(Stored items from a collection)
━━━━━━
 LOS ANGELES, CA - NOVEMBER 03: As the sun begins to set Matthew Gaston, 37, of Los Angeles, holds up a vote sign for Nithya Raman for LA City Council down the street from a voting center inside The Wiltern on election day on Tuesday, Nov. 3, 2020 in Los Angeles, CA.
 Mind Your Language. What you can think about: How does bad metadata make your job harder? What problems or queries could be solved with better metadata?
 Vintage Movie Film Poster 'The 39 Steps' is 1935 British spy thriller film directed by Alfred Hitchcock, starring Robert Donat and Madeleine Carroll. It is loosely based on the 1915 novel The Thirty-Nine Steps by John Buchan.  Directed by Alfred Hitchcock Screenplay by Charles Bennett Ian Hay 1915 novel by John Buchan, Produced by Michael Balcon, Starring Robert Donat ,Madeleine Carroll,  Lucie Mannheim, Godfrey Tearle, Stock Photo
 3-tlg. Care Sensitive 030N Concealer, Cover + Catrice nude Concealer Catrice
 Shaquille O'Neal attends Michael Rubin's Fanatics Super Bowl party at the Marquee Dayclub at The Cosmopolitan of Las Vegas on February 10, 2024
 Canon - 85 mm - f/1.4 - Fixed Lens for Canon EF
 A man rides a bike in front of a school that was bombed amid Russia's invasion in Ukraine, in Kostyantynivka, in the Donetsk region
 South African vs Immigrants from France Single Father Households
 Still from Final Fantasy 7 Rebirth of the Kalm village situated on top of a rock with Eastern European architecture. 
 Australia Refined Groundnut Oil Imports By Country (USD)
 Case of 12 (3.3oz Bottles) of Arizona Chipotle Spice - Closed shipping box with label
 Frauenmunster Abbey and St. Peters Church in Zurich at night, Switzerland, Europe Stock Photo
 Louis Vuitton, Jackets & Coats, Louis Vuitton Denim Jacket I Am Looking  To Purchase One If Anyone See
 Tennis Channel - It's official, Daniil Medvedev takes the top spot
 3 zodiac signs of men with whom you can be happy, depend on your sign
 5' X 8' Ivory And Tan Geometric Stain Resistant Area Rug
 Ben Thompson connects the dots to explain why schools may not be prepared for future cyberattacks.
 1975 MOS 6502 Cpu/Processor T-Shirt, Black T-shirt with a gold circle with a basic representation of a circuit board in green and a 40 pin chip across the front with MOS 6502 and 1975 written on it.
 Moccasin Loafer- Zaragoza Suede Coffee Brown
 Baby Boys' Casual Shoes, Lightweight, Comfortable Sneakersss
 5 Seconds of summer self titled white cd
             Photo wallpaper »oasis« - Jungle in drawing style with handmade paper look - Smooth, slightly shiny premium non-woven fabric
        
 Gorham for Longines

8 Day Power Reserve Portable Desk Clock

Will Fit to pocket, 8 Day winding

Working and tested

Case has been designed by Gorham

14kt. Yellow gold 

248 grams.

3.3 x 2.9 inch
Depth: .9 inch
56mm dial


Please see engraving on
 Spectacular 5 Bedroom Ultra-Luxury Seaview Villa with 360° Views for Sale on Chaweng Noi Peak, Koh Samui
━━━━━━
Directions for this task
Each record above should be output again exactly.

Response to the task
 LOS ANGELES, CA - NOVEMBER 03: As the sun begins to set Matthew Gaston, 37, of Los Angeles, holds up a vote sign for Nithya Raman for LA City Council down the street from a voting center inside The Wiltern on election day on Tuesday, Nov. 3, 2020 in Los Angeles, CA.
 Mind Your Language. What you can think about: How does bad metadata make your job harder? What problems or queries could be solved with better metadata?
 Vintage Movie Film Poster 'The 39 Steps' is 1935 British spy thriller film directed by Alfred Hitchcock, starring Robert Donat and Madeleine Carroll. It is loosely based on the 1915 novel The Thirty-Nine Steps by John Buchan.  Directed by Alfred Hitchcock Screenplay by Charles Bennett Ian Hay 1915 novel by John Buchan, Produced by Michael Balcon, Starring Robert Donat ,Madeleine Carroll,  Lucie Mannheim, Godfrey Tearle, Stock Photo
 3-tlg. Care Sensitive 030N Concealer, Cover + Catrice nude Concealer Catrice
 Shaquille O'Neal attends Michael Rubin's Fanatics Super Bowl party at the Marquee Dayclub at The Cosmopolitan of Las Vegas on February 10, 2024
 Canon - 85 mm - f/1.4 - Fixed Lens for Canon EF
 A man rides a bike in front of a school that was bombed amid Russia's invasion in Ukraine, in Kostyantynivka, in the Donetsk region
 South African vs Immigrants from France Single Father Households
 Still from Final Fantasy 7 Rebirth of the Kalm village situated on top of a rock with Eastern European architecture. 
 Australia Refined Groundnut Oil Imports By Country (USD)
 Case of 12 (3.3oz Bottles) of Arizona Chipotle Spice - Closed shipping box with label
 Frauenmunster Abbey and St. Peters Church in Zurich at night, Switzerland, Europe Stock Photo
 Louis Vuitton, Jackets & Coats, Louis Vuitton Denim Jacket I Am Looking  To Purchase One If Anyone See
 Tennis Channel - It's official, Daniil Medvedev takes the top spot
 3 zodiac signs of men with whom you can be happy, depend on your sign
 5' X 8' Ivory And Tan Geometric Stain Resistant Area Rug
 Ben Thompson connects the dots to explain why schools may not be prepared for future cyberattacks.
 1975 MOS 6502 Cpu/Processor T-Shirt, Black T-shirt with a gold circle with a basic representation of a circuit board in green and a 40 pin chip across the front with MOS 6502 and 1975 written on it.
 Moccasin Loafer- Zaragoza Suede Coffee Brown
 Baby Boys' Casual Shoes, Lightweight, Comfortable Sneakersss
 5 Seconds of summer self titled white cd
             Photo wallpaper »oasis« - Jungle in drawing style with handmade paper look - Smooth, slightly shiny premium non-woven fabric
        
 Gorham for Longines

8 Day Power Reserve Portable Desk Clock

Will Fit to pocket, 8 Day winding

Working and tested

Case has been designed by Gorham

14kt. Yellow gold 

248 grams.

3.3 x 2.9 inch
Depth: .9 inch
56mm dial


Please see engraving on
 Spectacular 5 Bedroom Ultra-Luxury Seaview Villa with 360° Views for Sale on Chaweng Noi Peak, Koh Samui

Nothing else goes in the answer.